Добавить в цитаты Настройки чтения

Страница 20 из 120



По Розанову, «содомит» переносит свой зачастую неосознанный однополый импульс в аскезу, творчество и духовную жизнь. Выраженно гомосексуальных людей Розанов именовал «третьим полом» или ученым словом «урнинг» — терминами, введенными в оборот немецким публицистом К. Ульрихсом и широко использованными М. Гиршфельдом.

Во втором издании «Людей лунного света» Розанов в качестве специального приложения поместил «Поправки и дополнения Анонима». Аноним — о. Павел Флоренский, с которым Розанов вел переписку, касавшуюся, в частности, философских вопросов пола[209]. В своих «поправках» Аноним возражает одновременно Розанову и Вейнингеру и очерчивает собственную теорию однополого влечения. Этой теории — полемической по отношению к Вейнингеру, повторенной Флоренским неоднократно и, видимо, хорошо им обдуманной — и посвящена эта заметка. В ней мы обсудим одну параллель (а возможно, и источник) теории Флоренского, восходящую к культуре англо-французского католического декаданса, и охарактеризуем роль вышеупомянутых идей Флоренского в истории дебатов о сексуальности, стимулированных книгой Вейнингера.

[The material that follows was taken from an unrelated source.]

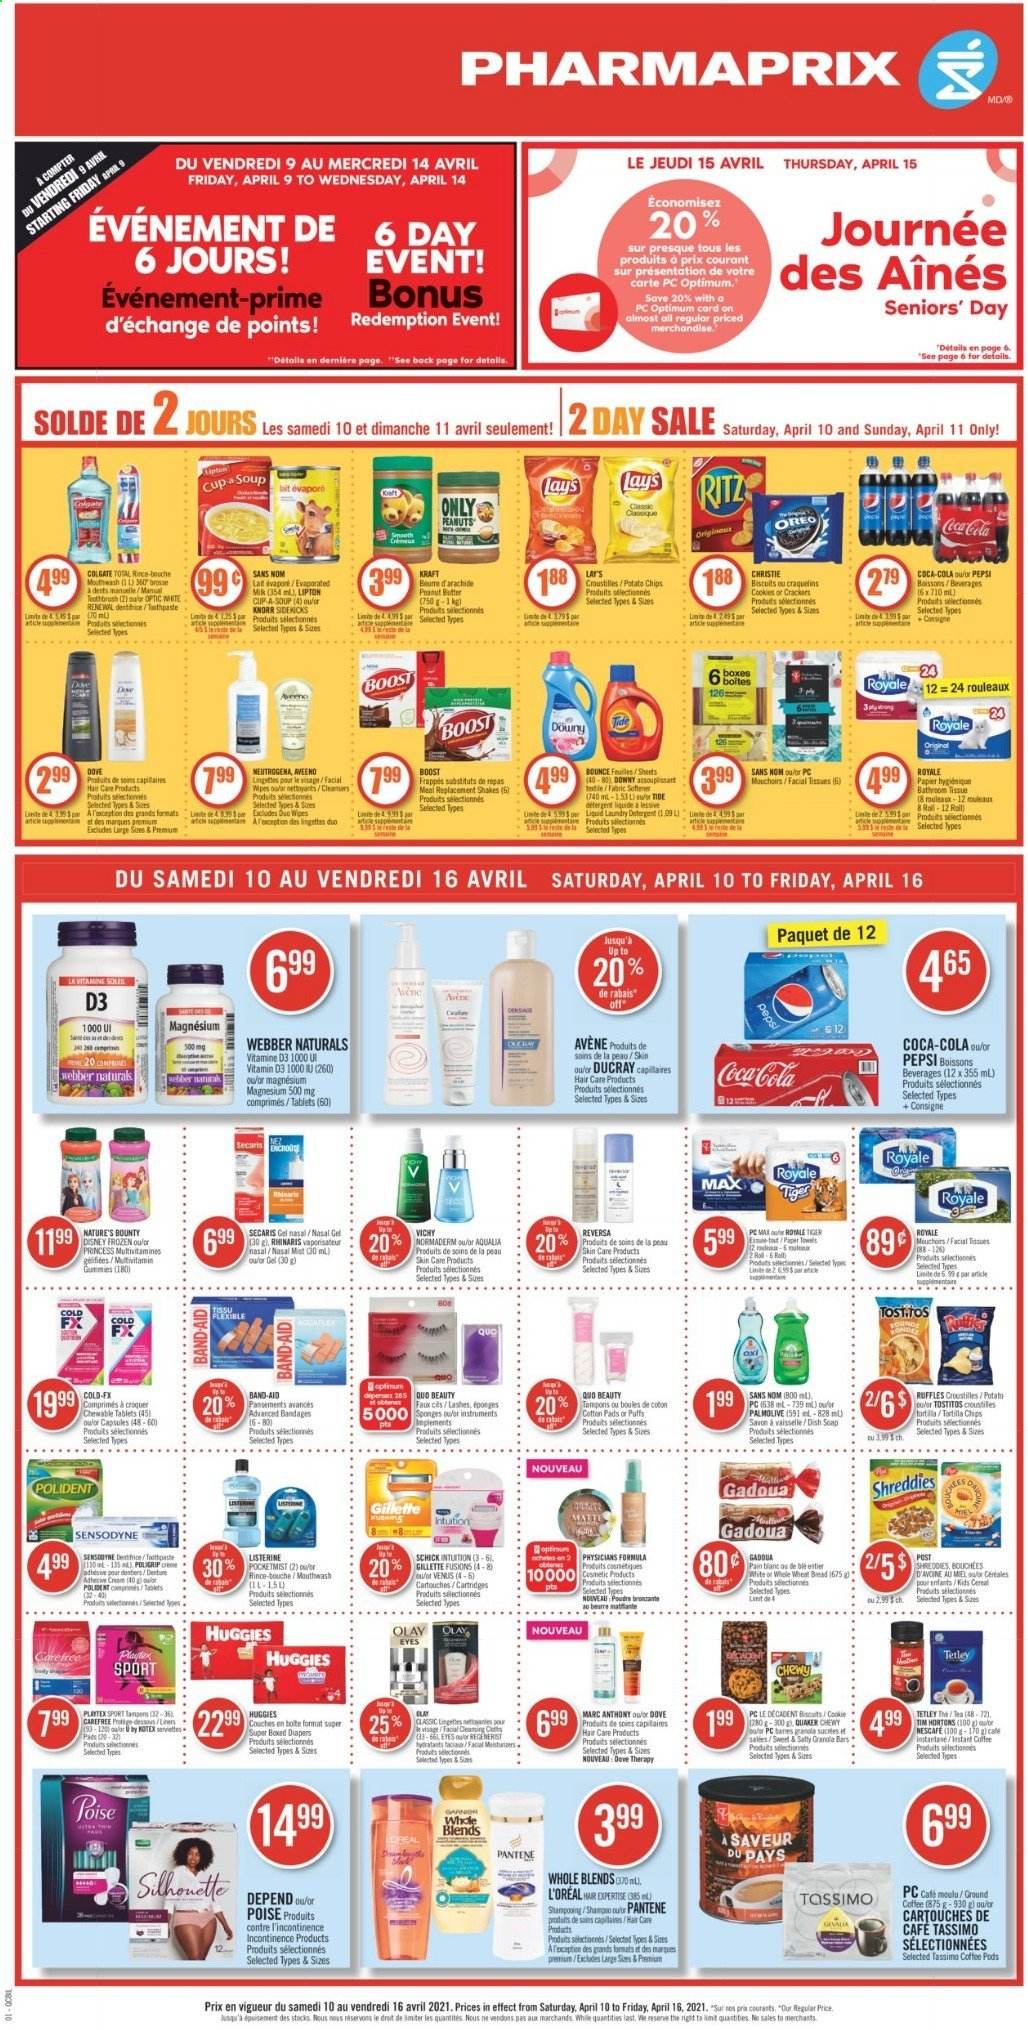 thumbnail - Pharmaprix Flyer - April 10, 2021 - April 16, 2021 - Sales products - wheat bread, puffs, soup, Quaker, Kraft®, Disney, shake, cookies, crackers, biscuit, RITZ, tortilla chips, potato chips, Lay’s, Ruffles, Tostitos, cereals, peanut butter, peanuts, Coca-Cola, Pepsi, Boost, coffee pods, ground coffee, wipes, nappies, Aveeno, tissues, Tide, fabric softener, laundry detergent, Vichy, soap, toothbrush, mouthwash, Polident, Playtex, Carefree, Kotex, tampons, facial tissues, L’Oréal, Olay, Schick, Venus, cup, princess, magnesium, multivitamin, Nature's Bounty, vitamin D3, Knorr, Oreo, Gillette, granola, Listerine, Neutrogena, Huggies, Pantene, Sensodyne, Nescafé. Page 1.

О наличии у Флоренского связной теории однополой любви свидетельствует сходство между его высказываниями на эту тему в 1909 г., зафиксированными в дневнике его близкого друга А. Ельчанинова, и детальным развитием тех же самых положений в «поправках» к книге Розанова, вышедшей четырьмя годами позже. В 1909 г. Флоренский только что окончил Московскую духовную академию и начал преподавать в ней историю философии. В дневниковой записи за 7 июля 1909 г. Ельчанинов вспоминает разговор с Флоренским: «Я не помню, когда это было; кажется в конце мая. <…> Я провожал его на вокзал, где около часу мы ждали поезда. Беседа была длинная, и помню только главное. Мы говорили все о том же равнодушии Павлуши к дамам и его частой влюбленности в молодых людей; мы долго путались в объяснениях, и только в конце П<авел> напал на следующую гипотезу. Мужчина ищет для себя объект достаточно пассивный, чтобы принять его энергию <который бы мог принять его энергию?>. Такими для большинства мужчин будут женщины. Есть натуры υπο-мужественные, которые ищут дополнения в мужественных мужчинах, но есть υπερ-мужественные, для которых ж<енское?> слишком слабо, как слаба, положим, подушка для стального ножа. Такие ищут и любят просто мужчин, или υπο-мужчин»[210].

Несомненно, концептуальный фон этого разговора задан книгой Вейнингера: весной 1909 г. ее обсуждали во всех гостиных[211]. Флоренский, как и Вейнингер, признает существование мужчин с пониженной маскулинностью (гипомужчин) и ею объясняет однополое влечение. Но так как это объяснение не охватывает всех возможных случаев (включая его персональный случай), то в вейнингеровскую теорию Флоренский вносит принципиальное исправление. Оказывается, существуют и гипермаскулинные мужчины и гипермаскулинность тоже порождает однополое влечение, ибо для таких мужчин женское «слишком слабо». В категорию гипермужественных мужчин Флоренский зачисляет и самого себя.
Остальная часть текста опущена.